▶ _INPUT DATA_

*** Begin section ***

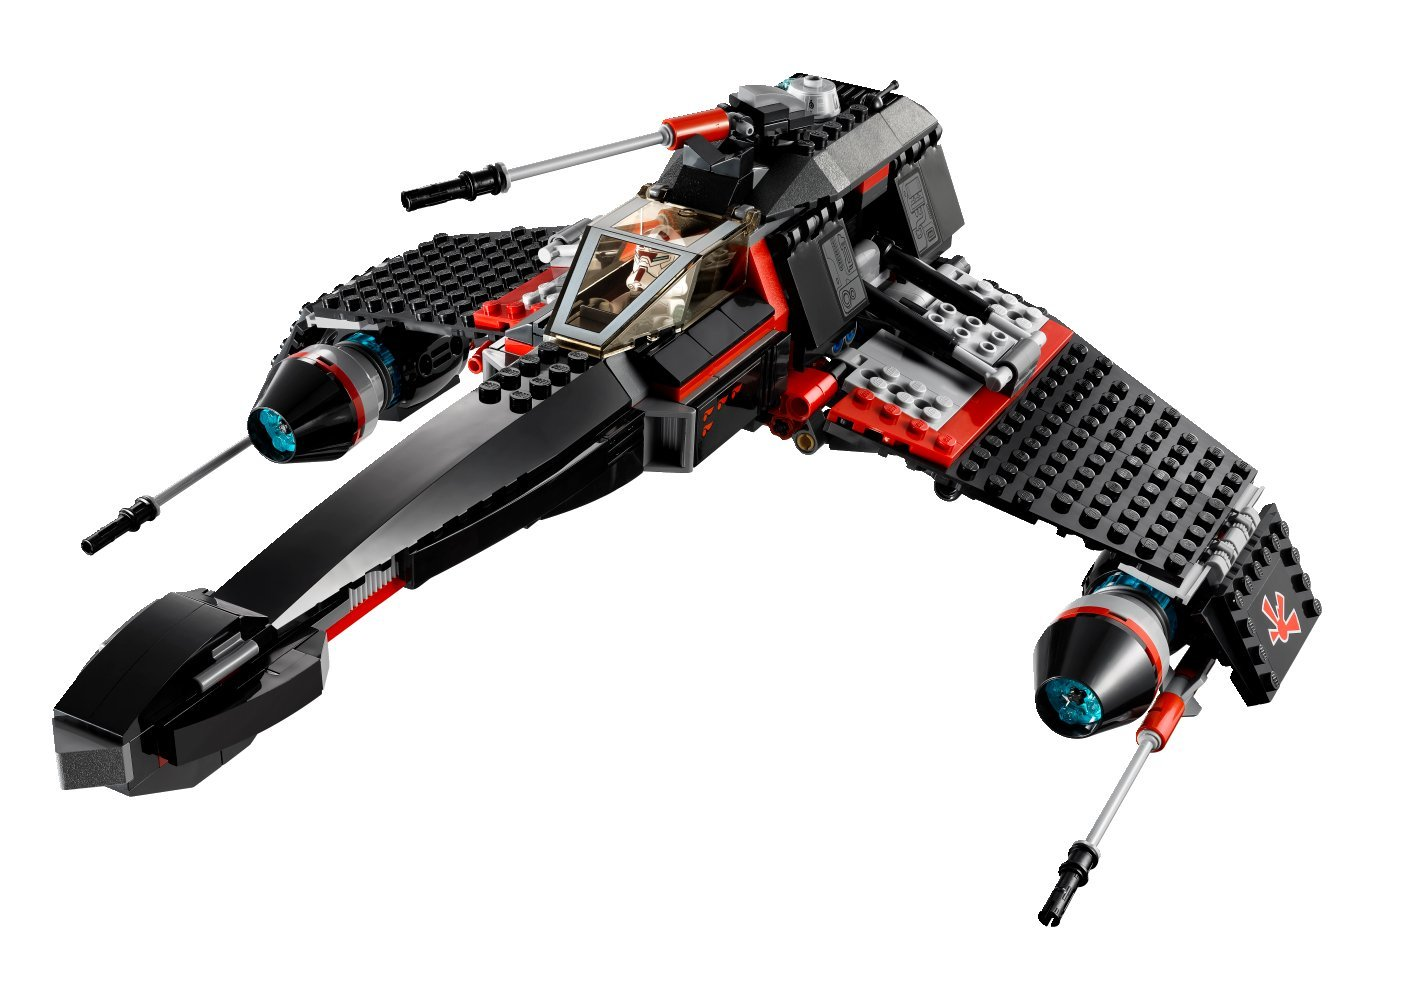 Star Wars Lego 75018 JEK-14's Stealth Starfighter | Star War… | Flickr
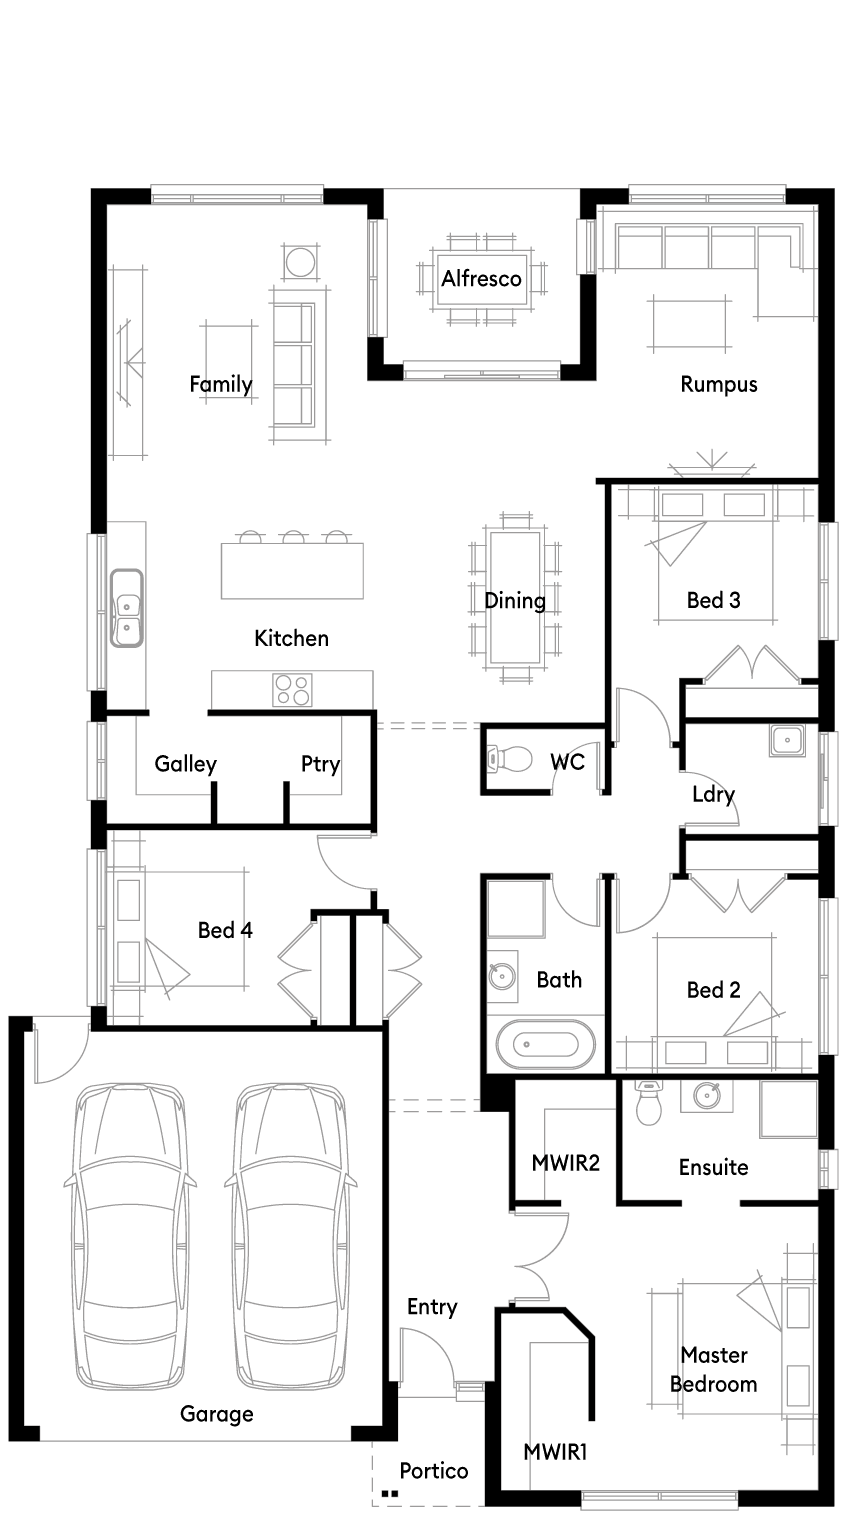 FloorPlan1_HOUSE761_Liverpool_25-13
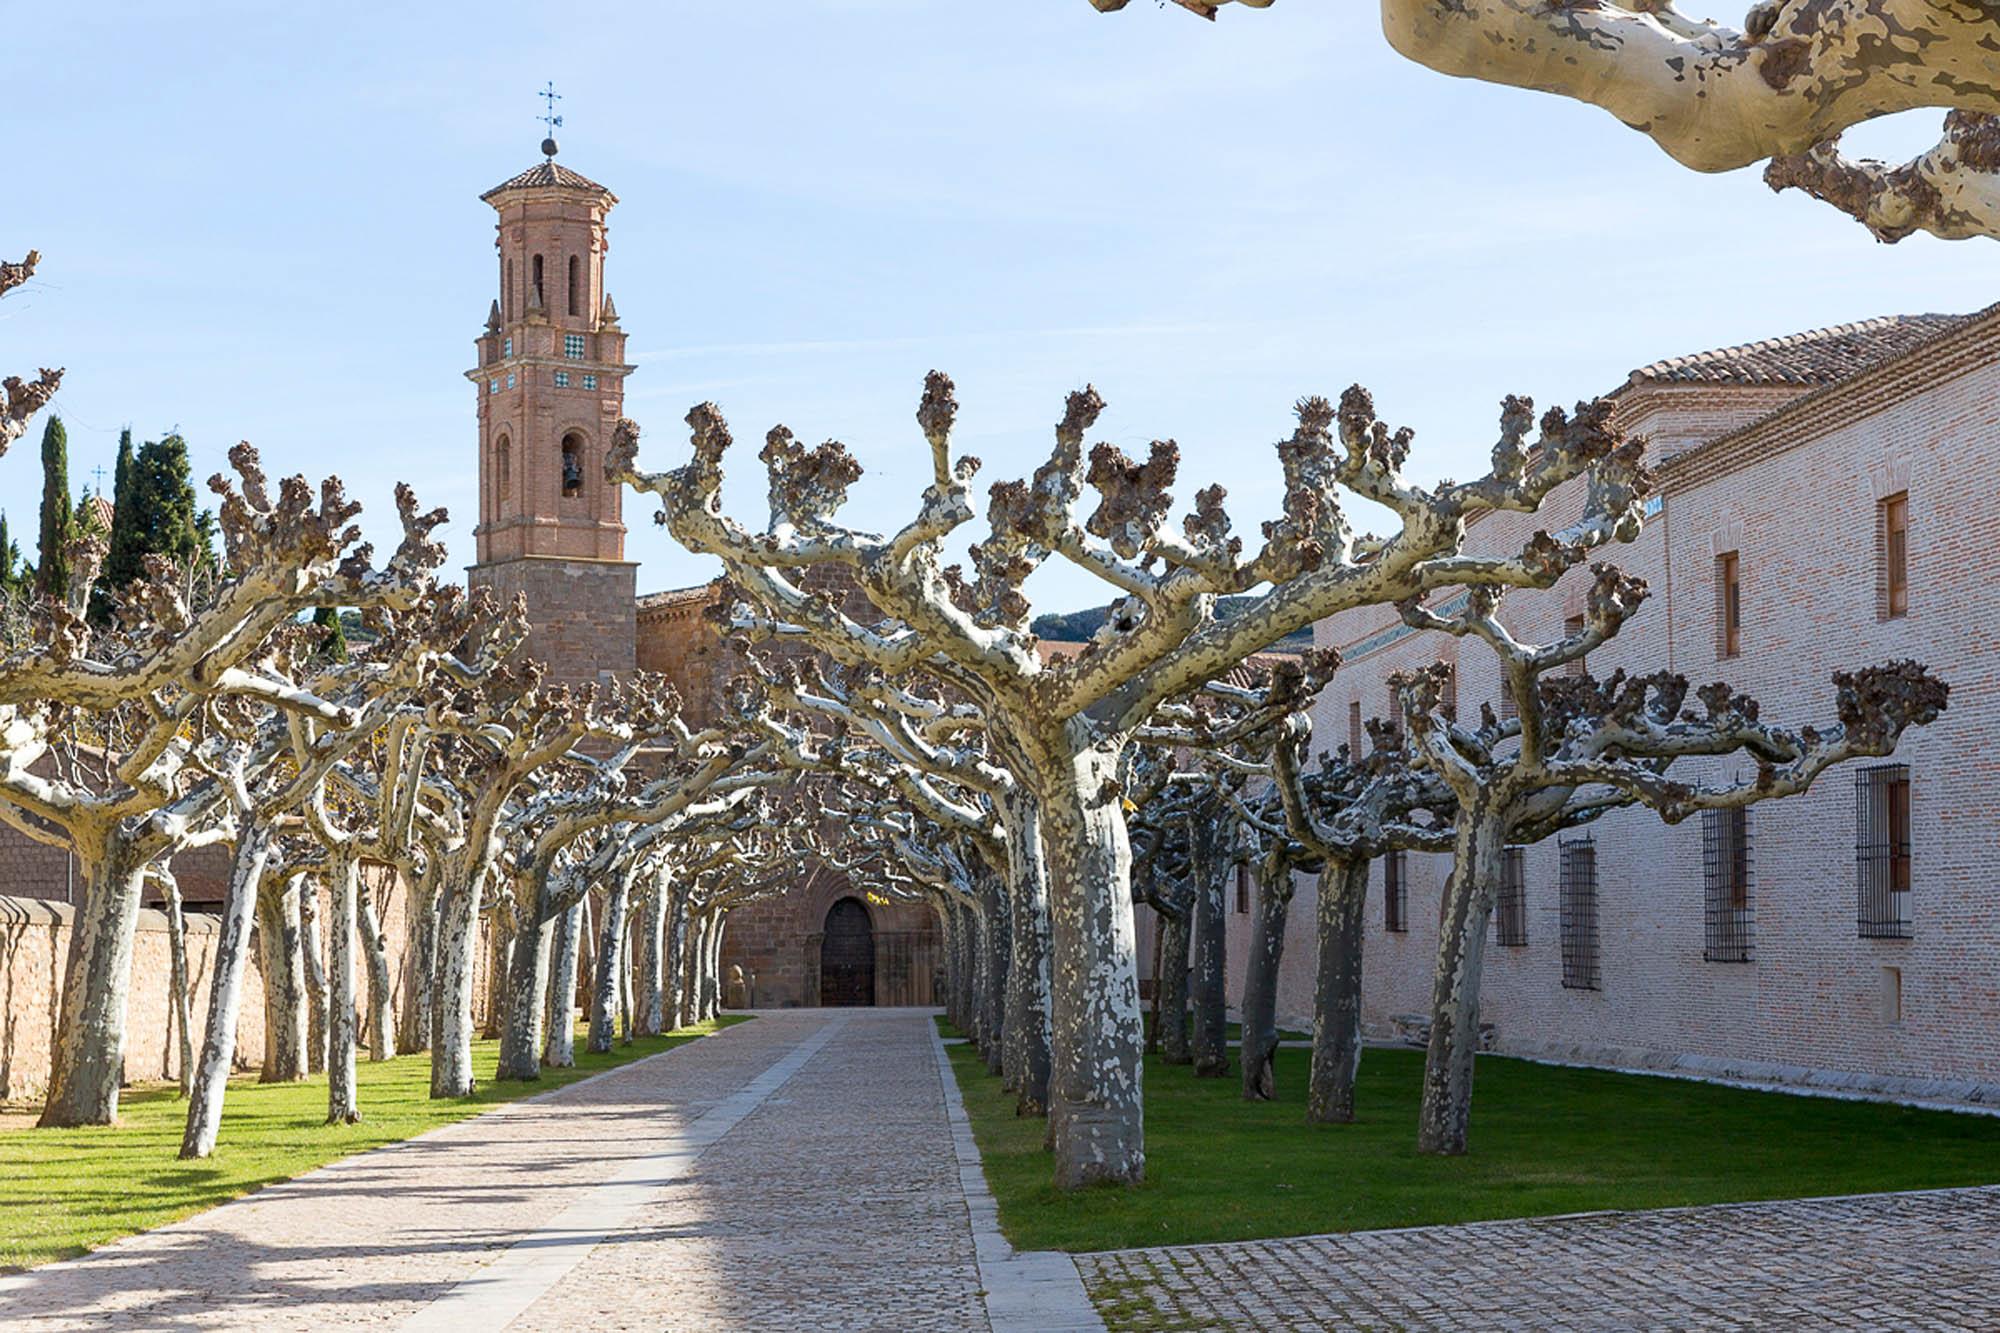 Ruta del Císter en Aragón

*** End section ***

▶ _THE TASK_
Once the pictures are set aside, give the listing again word for word.

▶ _YOUR SOLUTION_
 Star Wars Lego 75018 JEK-14's Stealth Starfighter | Star War… | Flickr
 FloorPlan1_HOUSE761_Liverpool_25-13
 Ruta del Císter en Aragón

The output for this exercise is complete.